Hellenic ship owners have so far spent a staggering $5.5 billion, if one considers the difficult market conditions, particularly in terms of financing. By contrast the Chinese have invested $2.2 billion.
Cotzias noted that “the Greek fleet has increased by 11.7 million dwt carrying capacity while the Chinese acquisitions have given them 9.5 million extra deadweight. June 2010 was a weird month. Dry bulk freight levels have decreased by 45% while ship prices have held strong. The ongoing ship sale activity was strong, and it is worth noting that the Hellenic buyers were the ones that dominated the market as they have spent more than $1.35bilion usd for 43 ship purchases in June 2010 alone.

They have spent 3.55bilion usd in these first six months, and have acquired 134 ships.

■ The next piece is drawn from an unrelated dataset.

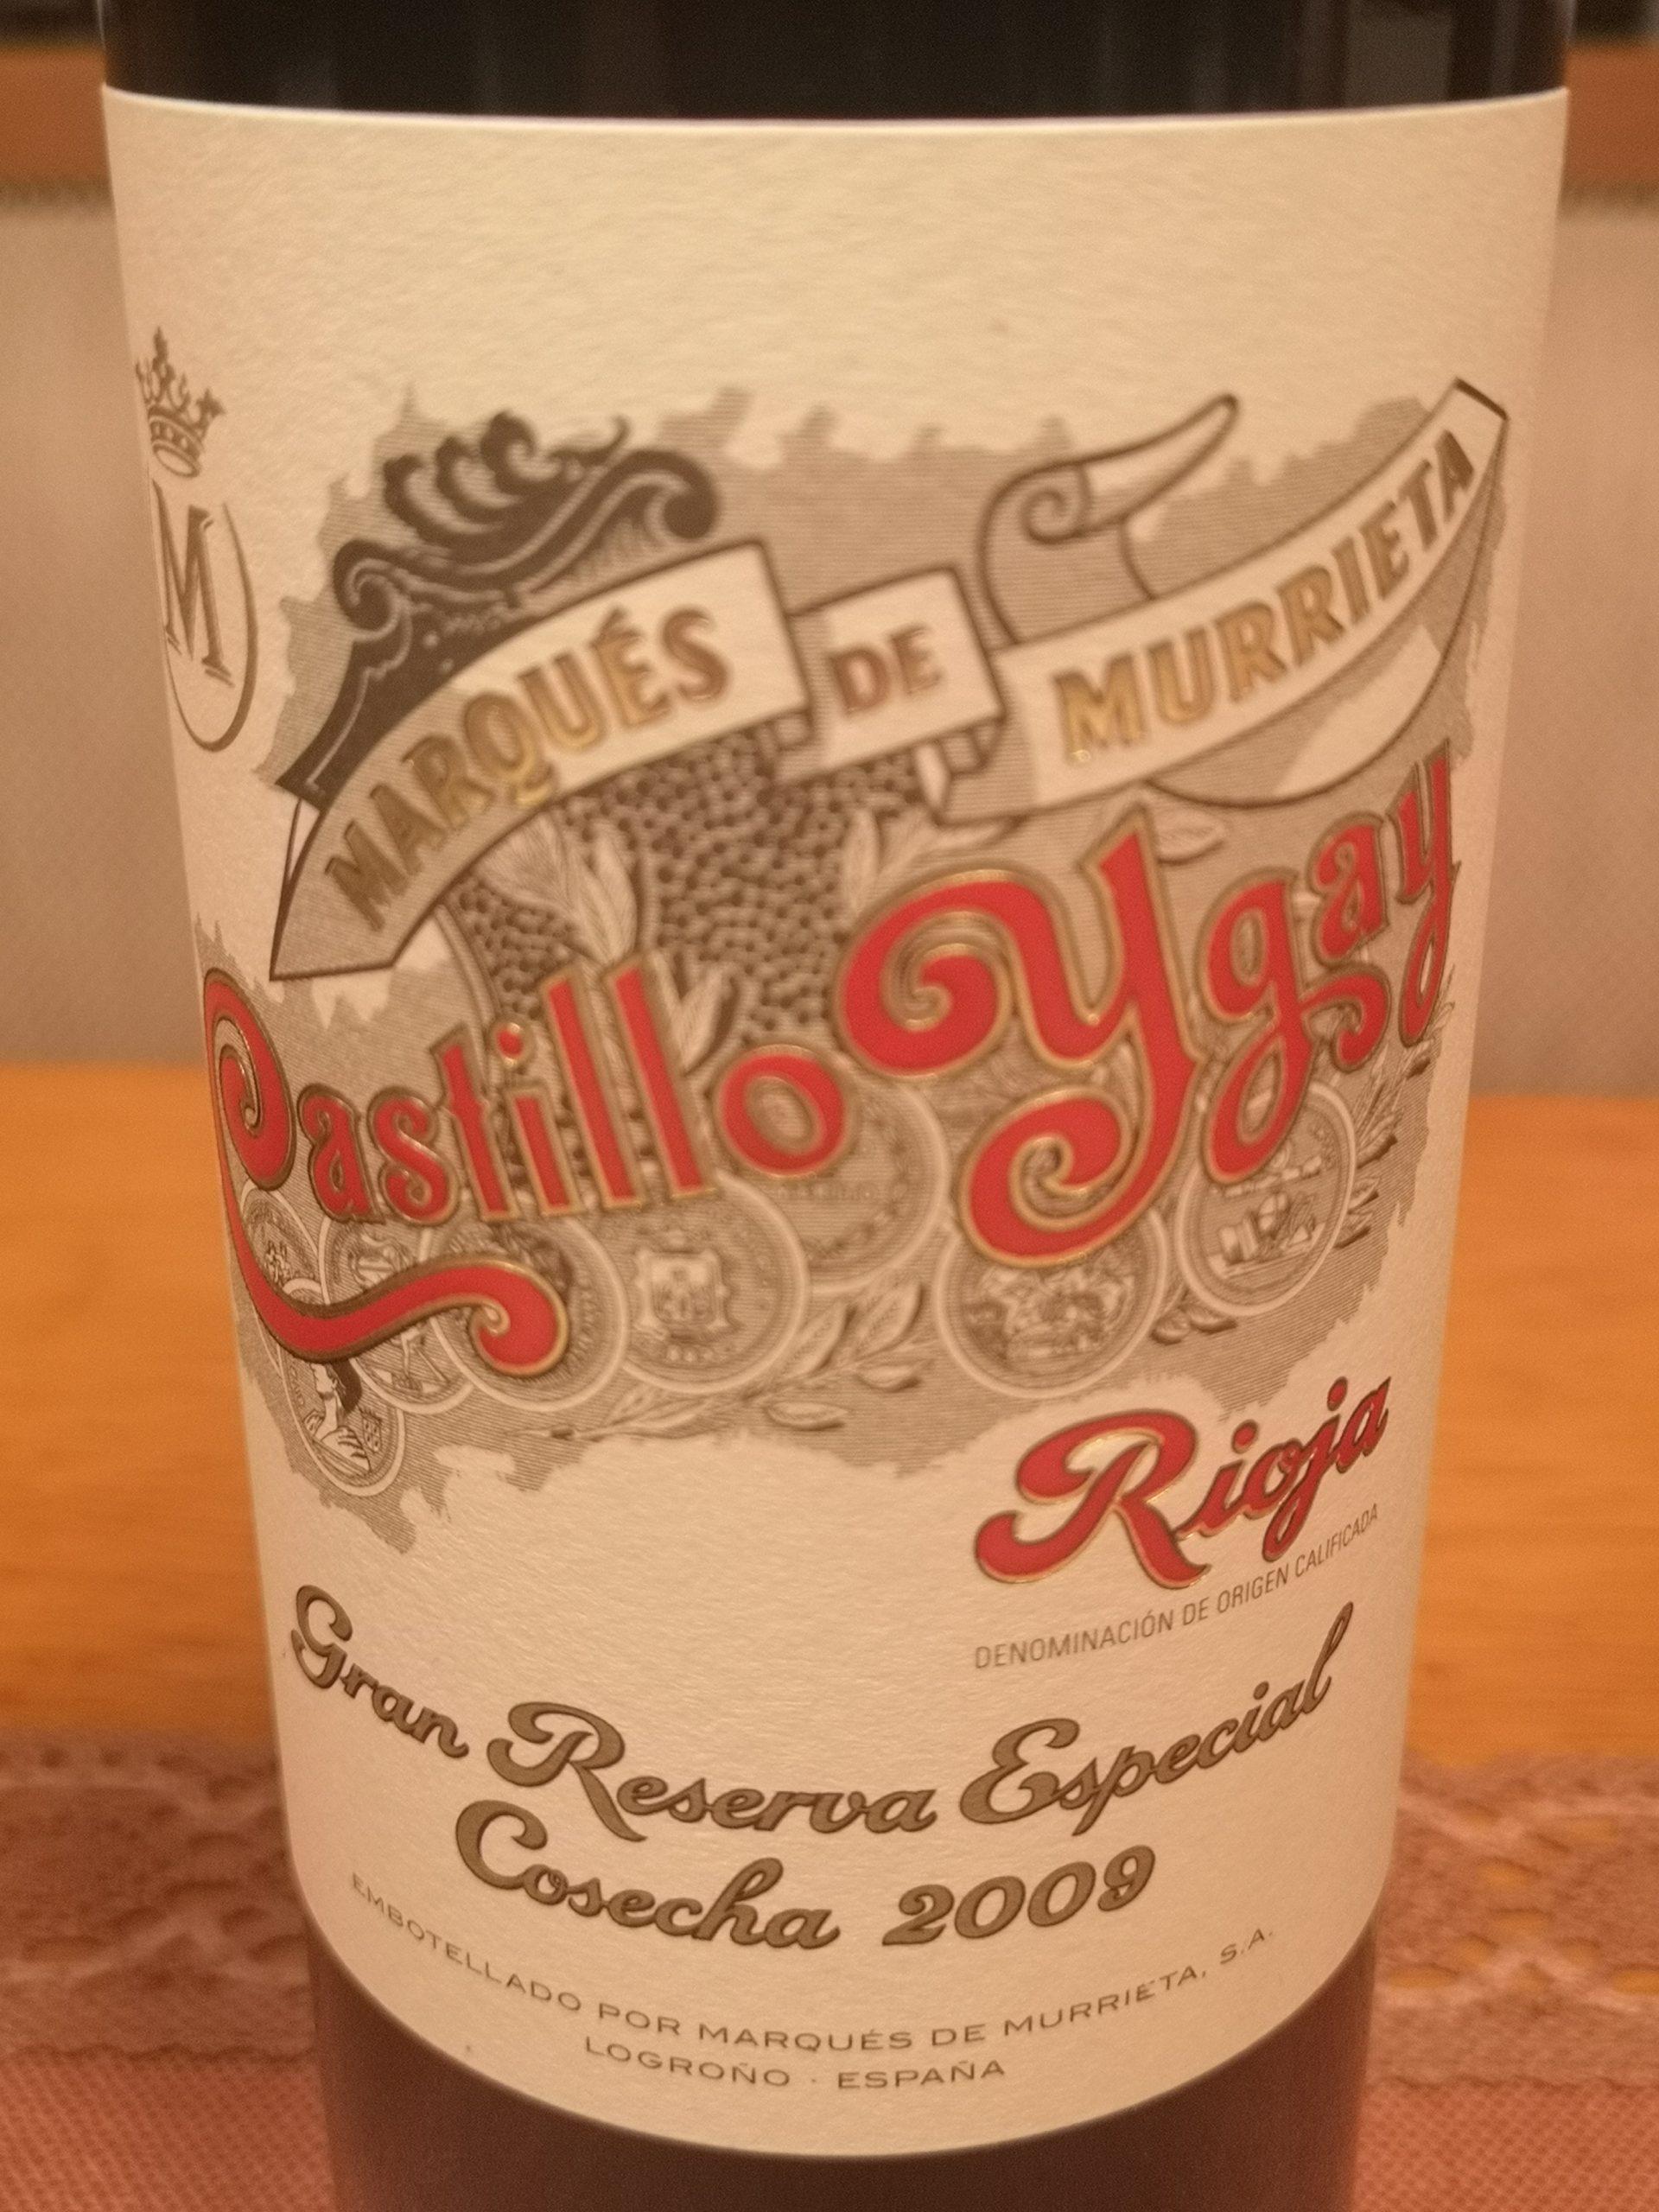 2009 Castillo Ygay Gran Reserva Especial | Marqués de Murrieta

We are curious to see how the market will behave following the near crash we are experiencing in the freight market. Will ship prices follow the collapse in the indices, will ship prices become more realistic and pose some good investment opportunities for the cash investor? Will good deals enter in to the dry bulk secondhand market? We are waiting anxiously to see how long will the suppressed freights last and how quickly prices will readjust” commented the shipbroker.

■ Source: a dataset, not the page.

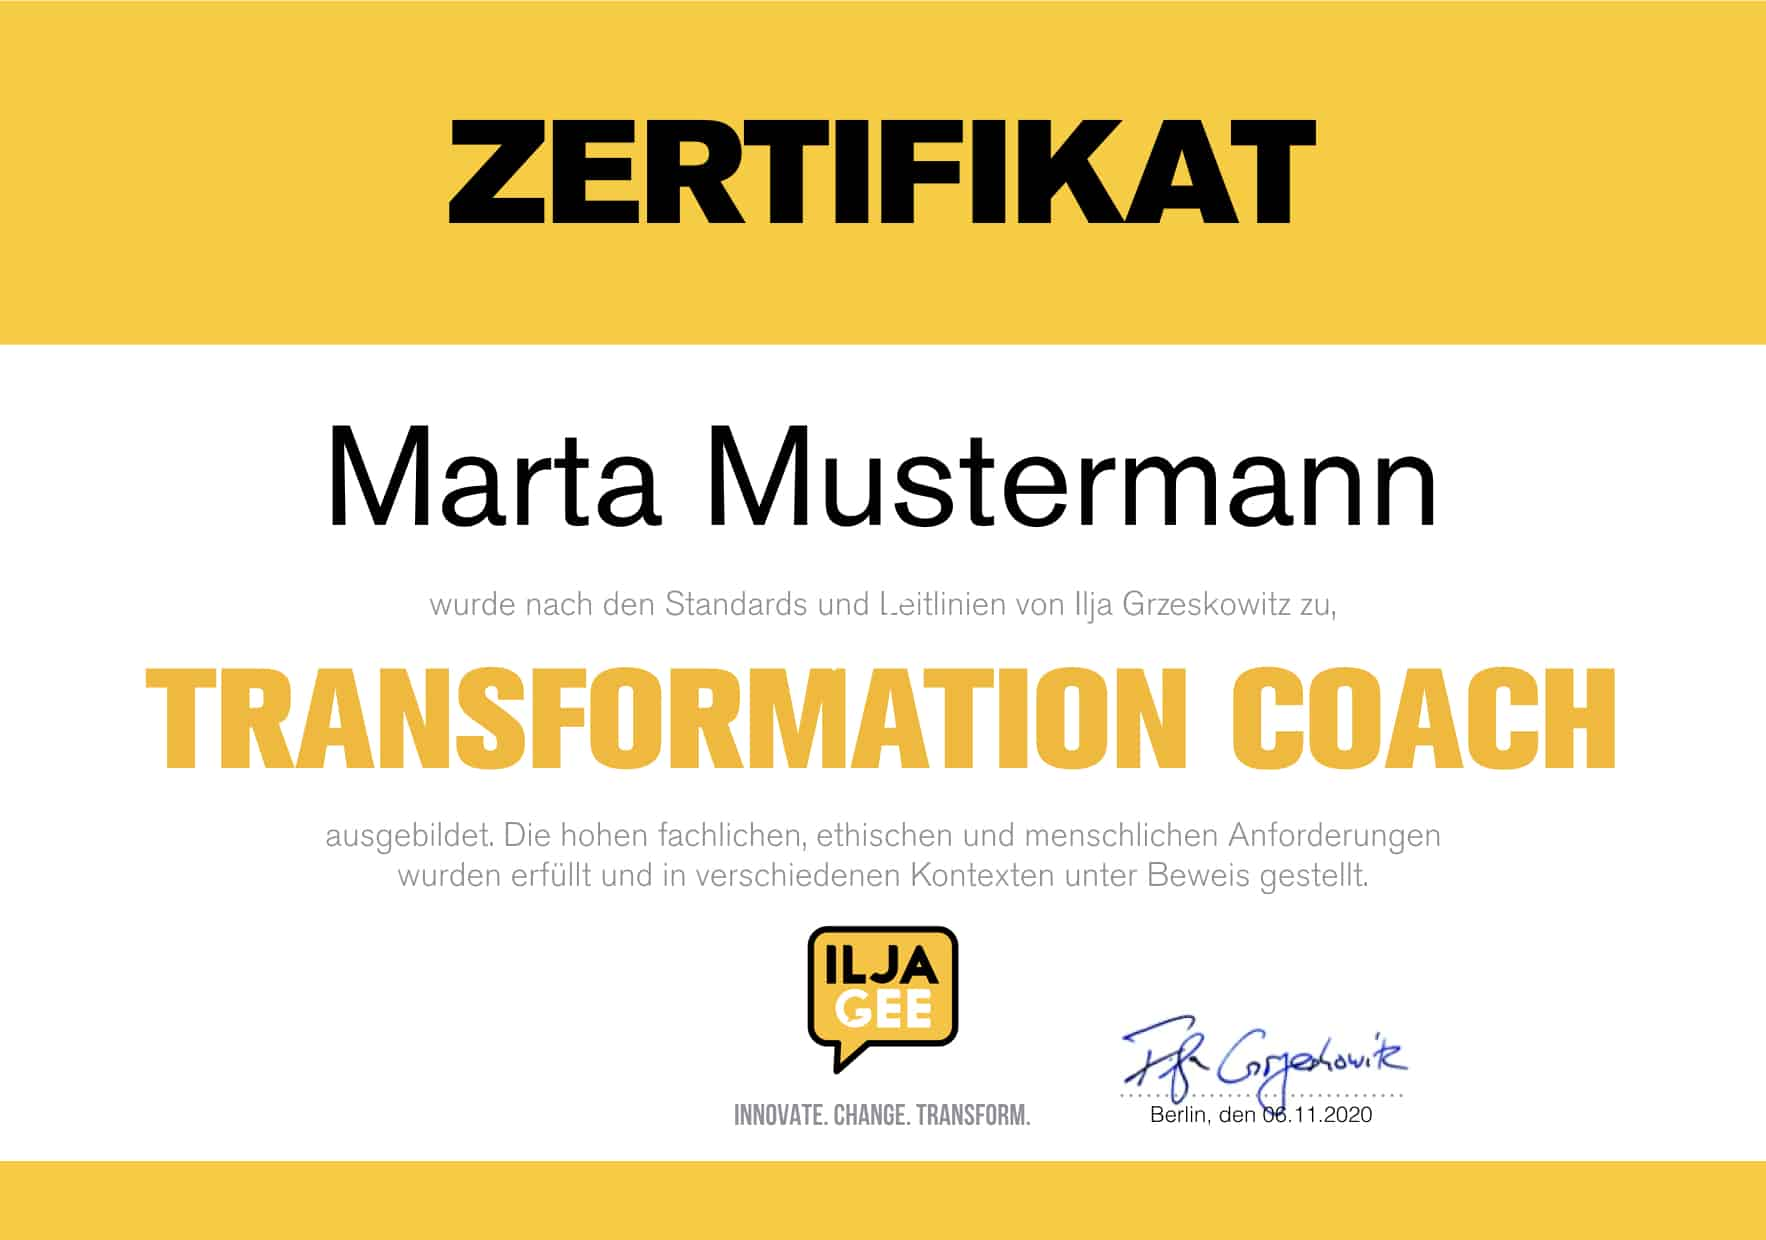 Zertifikat coaching ausbildung

Nevertheless, for the first time since April 2009, the Hellenic ship owning community has returned at the top of the tables, in terms of second hand market acquisitions. Cotzias mentioned that it is interesting to note that up until last month, China was leading with 117 purchases as opposed to 89 for the Greeks.

Off course if it wasn't for Peter Georgiopoulos it would have still been the usual Chinese dominance scenario, but thanks to his 24 units plus 6 for Technomar and 5 for Newlead Greece has performed a record number of dry bulk purchases of 44 units in one month only, and that has never been seen in the past” he said.
Meanwhile, despite an almost seven week fall of the dry bulk indices and rates and despite the fact that most ships are looking for cargoes that just aren’t there, prices remain very expensive, ranging higher from 15% and up to 35% compared to one year ago (depending on age and size of each vessel).

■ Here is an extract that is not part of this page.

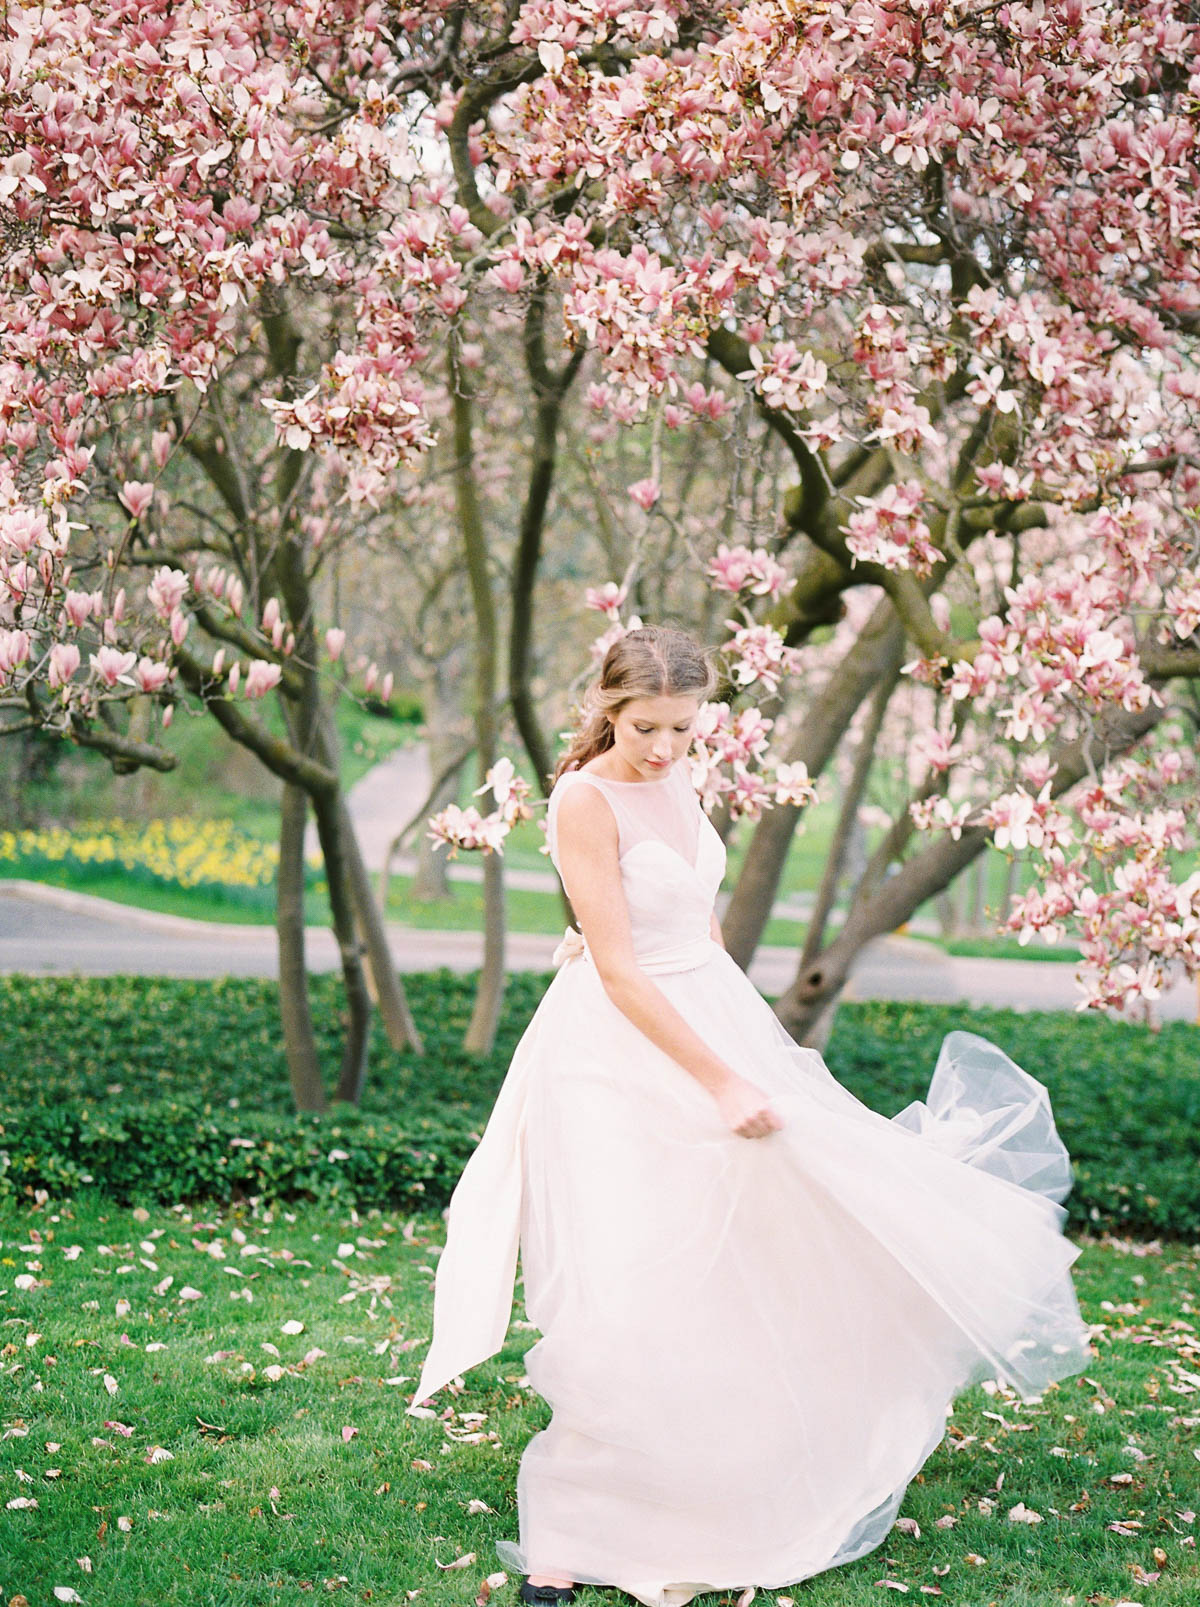 julia-park-photography-vineyard-bride-swish-list-niagara-on-the-lake-wedding-editorial-29.jpg

“What is strange enough is that the prices have not fallen a single cent! Why? Is it the volatility that has increased in the freight markets, that is keeping everyone comfortable that whatever downhill we may be experiencing right now, will be short-lived and will be offset soon by an equivalent if not larger and more rapid increase in the freight market that will eventually lead to once more higher ship prices?

Well that could be everyone's wishful thinking scenario, but in practical and realistic terms could not be applied. Why? Because as we mentioned last month, there was an anomaly in high freight rates, a booming shipping industry and the world economy still collecting its pieces. How could we have a healthy shipping market, when the world economic fundamentals still suffered?” wonders rightfully Cotzias.

Commenting on the current state of the freight market, the broker said that price agreements between iron/ore exporters/producers and importers are there and since July 1st China will have to agree to more expensive price per ton, for the imported iron/ore.

“So China has clearly opted to alter the quantities imported and shipped into China, by choosing to consume domestically produced iron/ore instead. Falling commodity prices have also affected the shipping markets. Traders choose to postpone commodity quantity purchases as the falling commodity price in itself dictates that if you don't need it right now... leave it for later as you will buy it cheaper... and by creating an "artificial scarcity" in the freight market by putting practically "no cargoes" out there, they will also reduce their subsequent transportation costs”, states Cotzias, ending his analysis by warning that it’s a charterer’s market and will remain so for a long time.